Validation Tester Trainee

Responsibilities:

• Responsible for validating the reports generated by the application are in compliance with 21 CFR part 11 and cGMP requirements.
• Reviewed the previous documentation for each module in the Labware LIMS application, and upgraded to the current template formats.
• Reviewed User and Functional requirements on individual modules of LIMS.
• Participated in Performance testing.
• Responsible for Reporting and managing defects to ensure that all issues are resolved according to established guidelines and expectations.

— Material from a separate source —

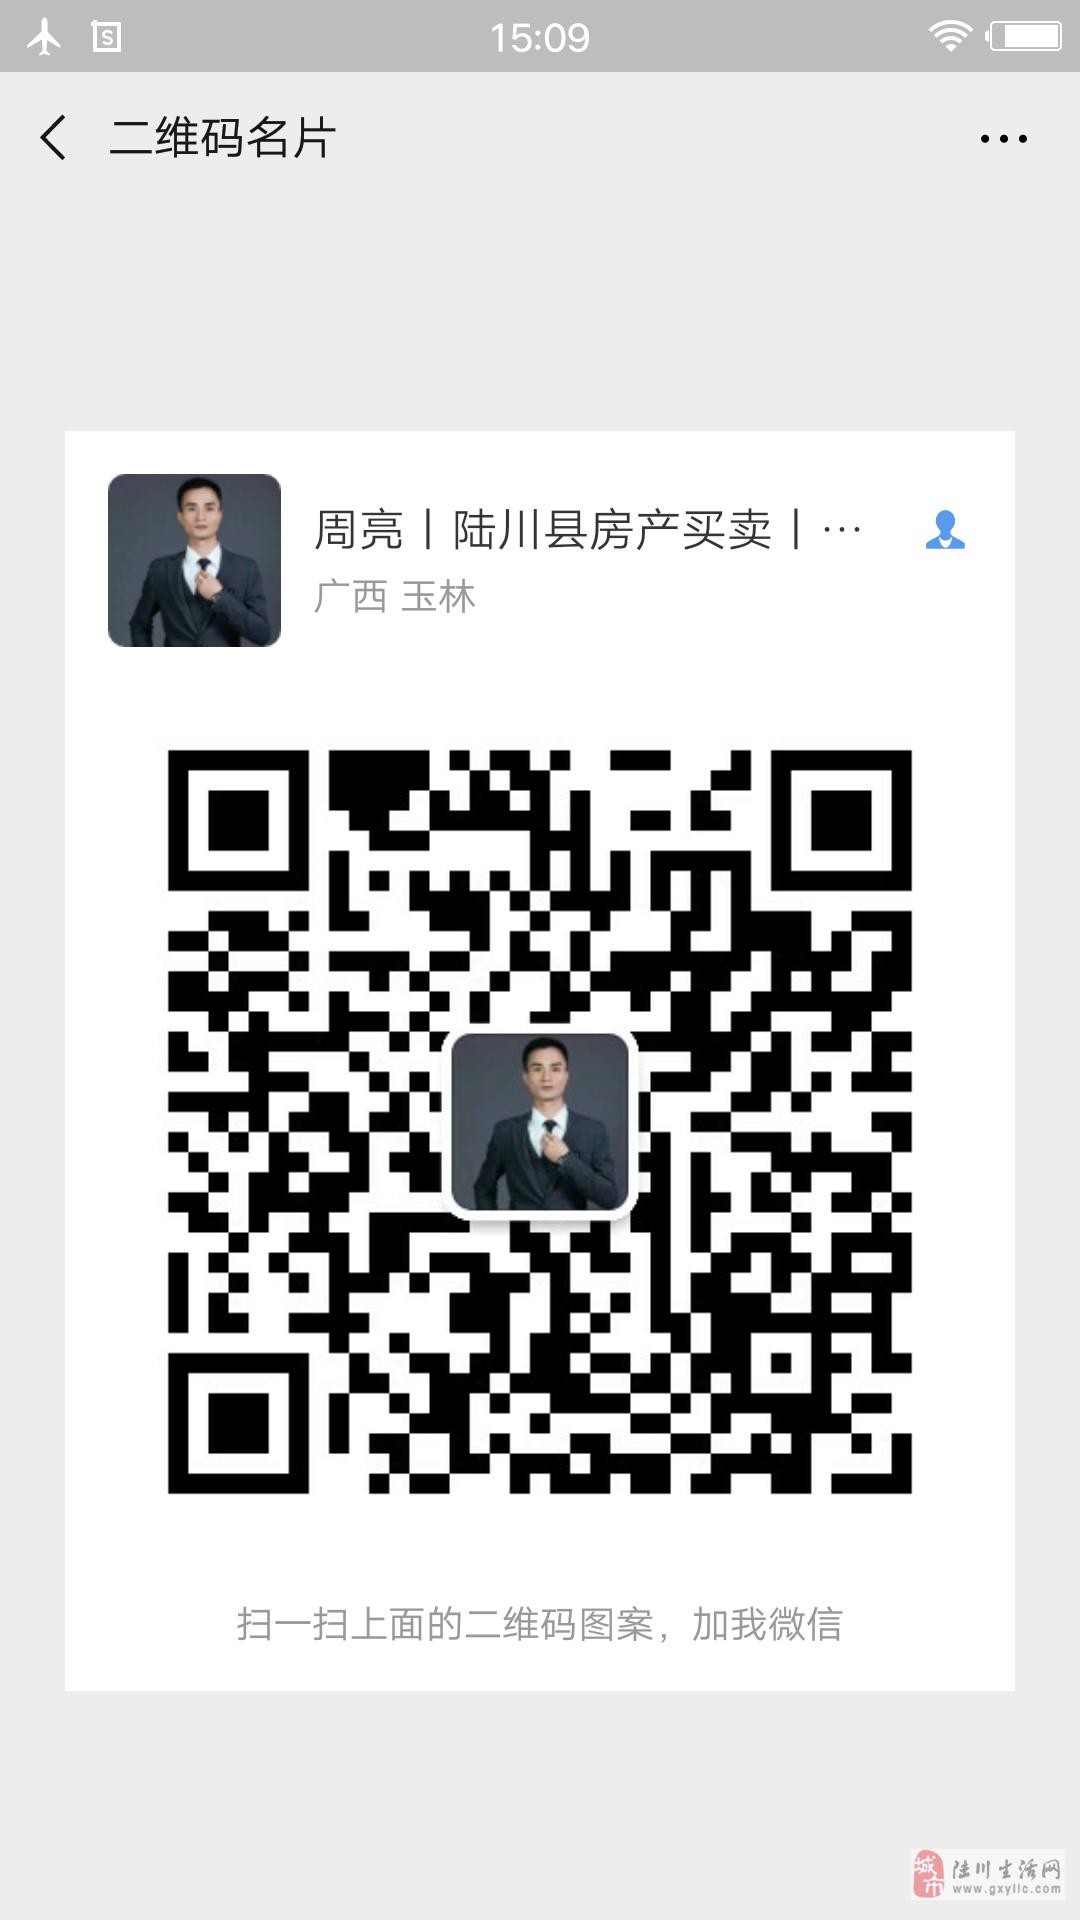 2020qq红包免费领取碧桂城3室2厅2卫52.56万元抄底价出售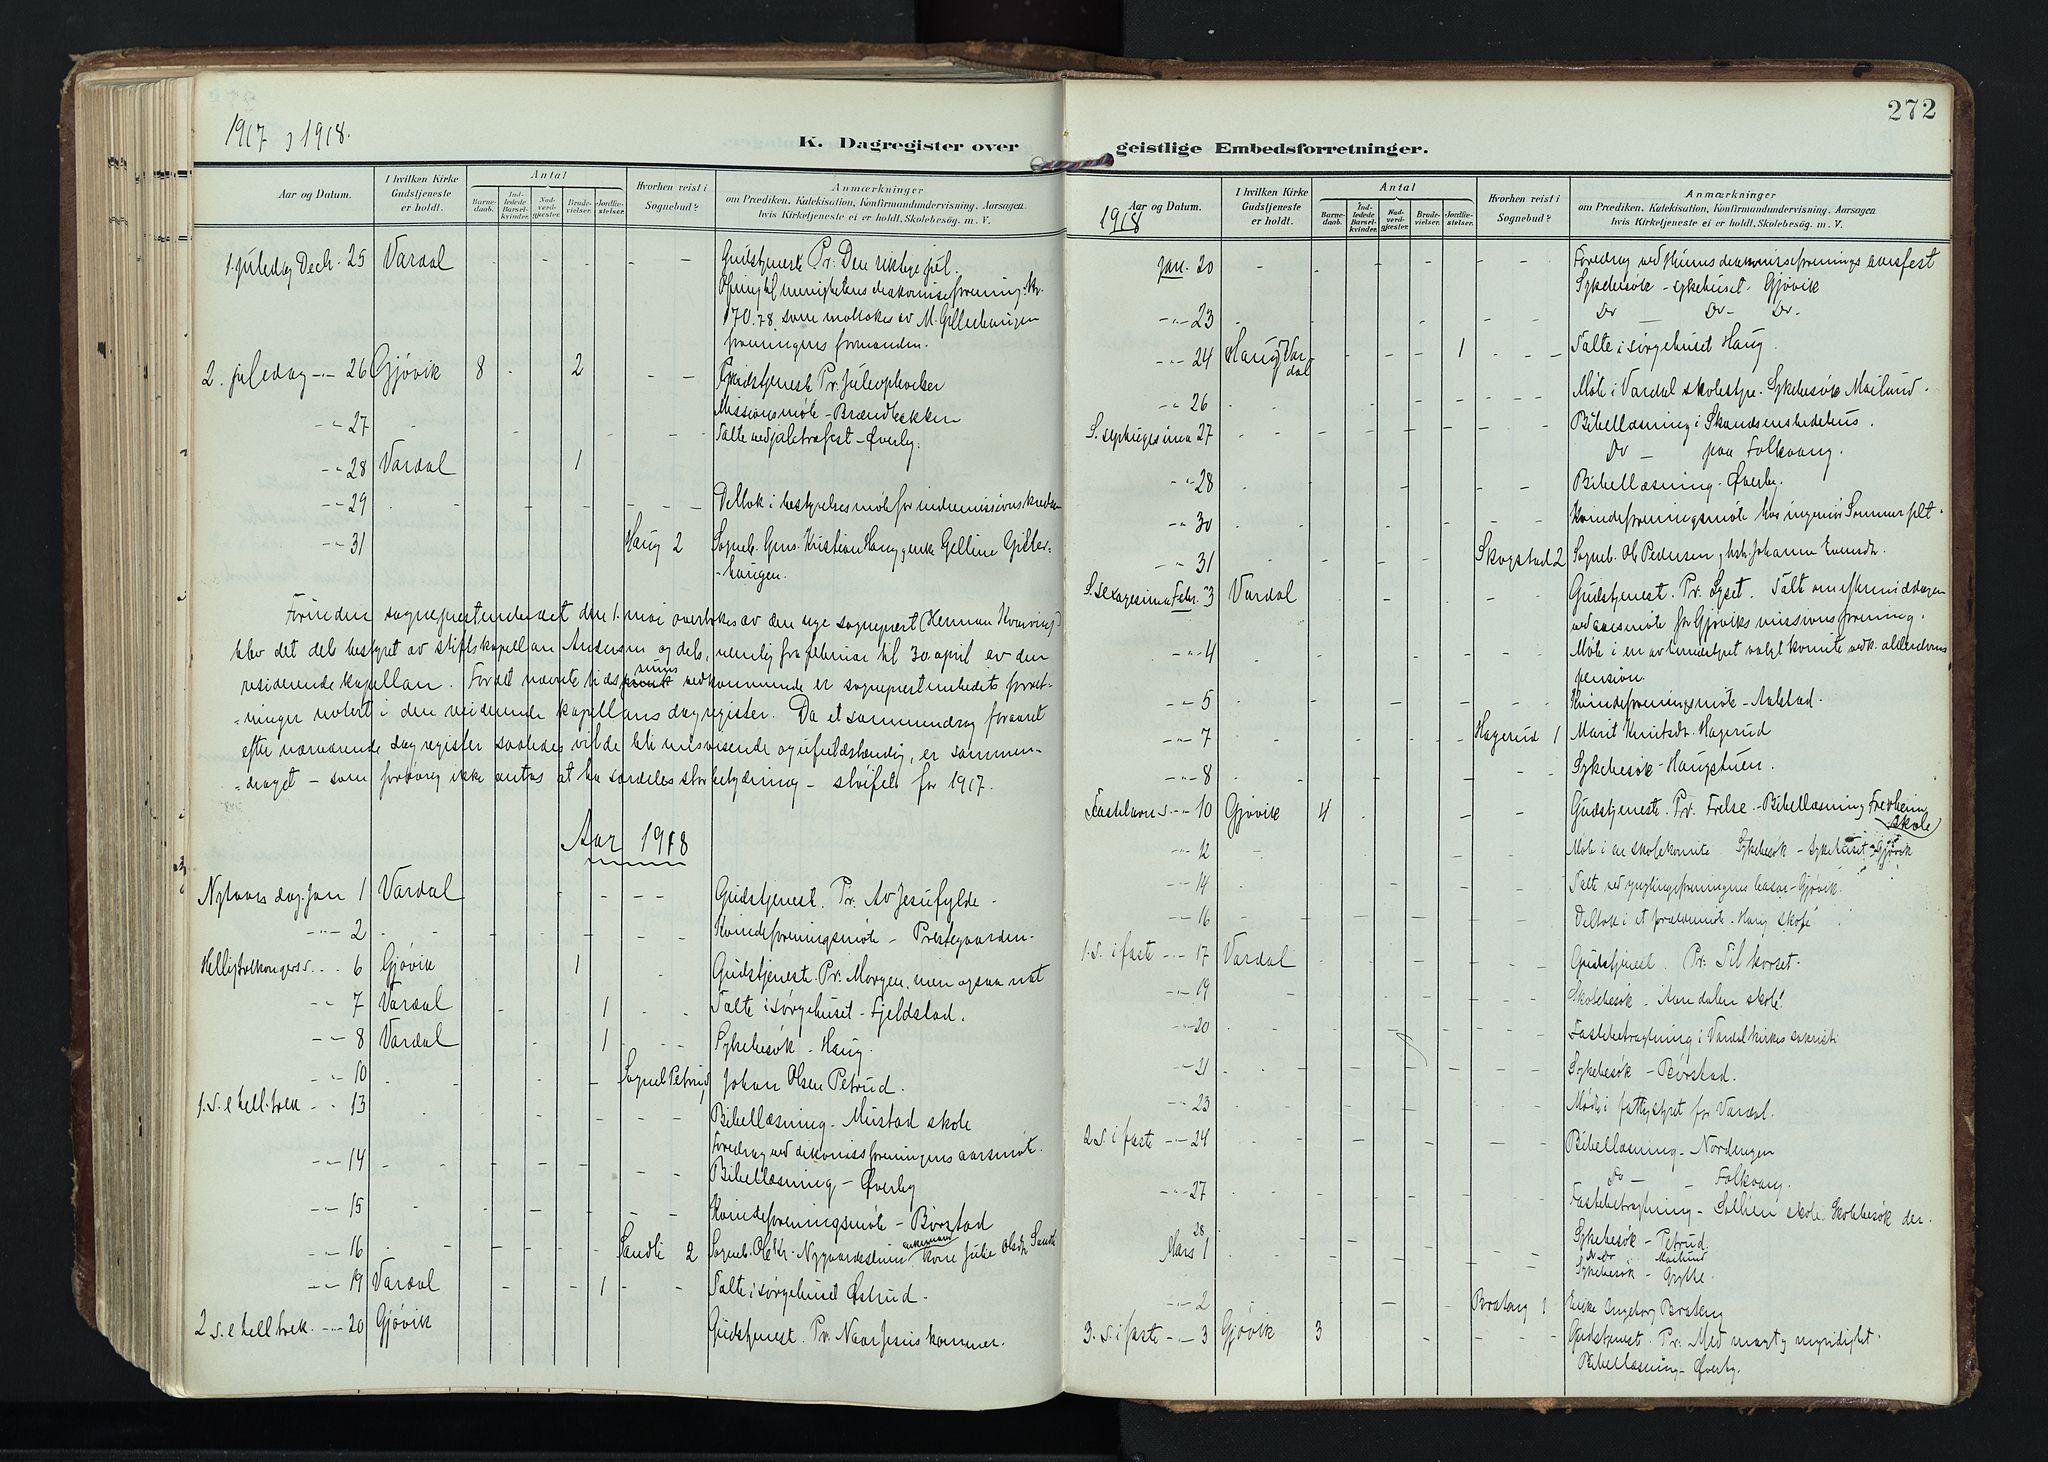 SAH, Vardal prestekontor, H/Ha/Haa/L0020: Ministerialbok nr. 20, 1907-1921, s. 272

• Worked with Audits and performed quality check to verify the performance quality of the services.
• Met clients and collected information required in order to set the minimum standards of the URS documents
• Maintained and controlled Electronic Records, Digital Signatures, Electronic Signatures and capturing Audit Trails with respect to 21CFR Part 11 requirements.
• Performed Load testing to determine a system’s behavior in different conditions.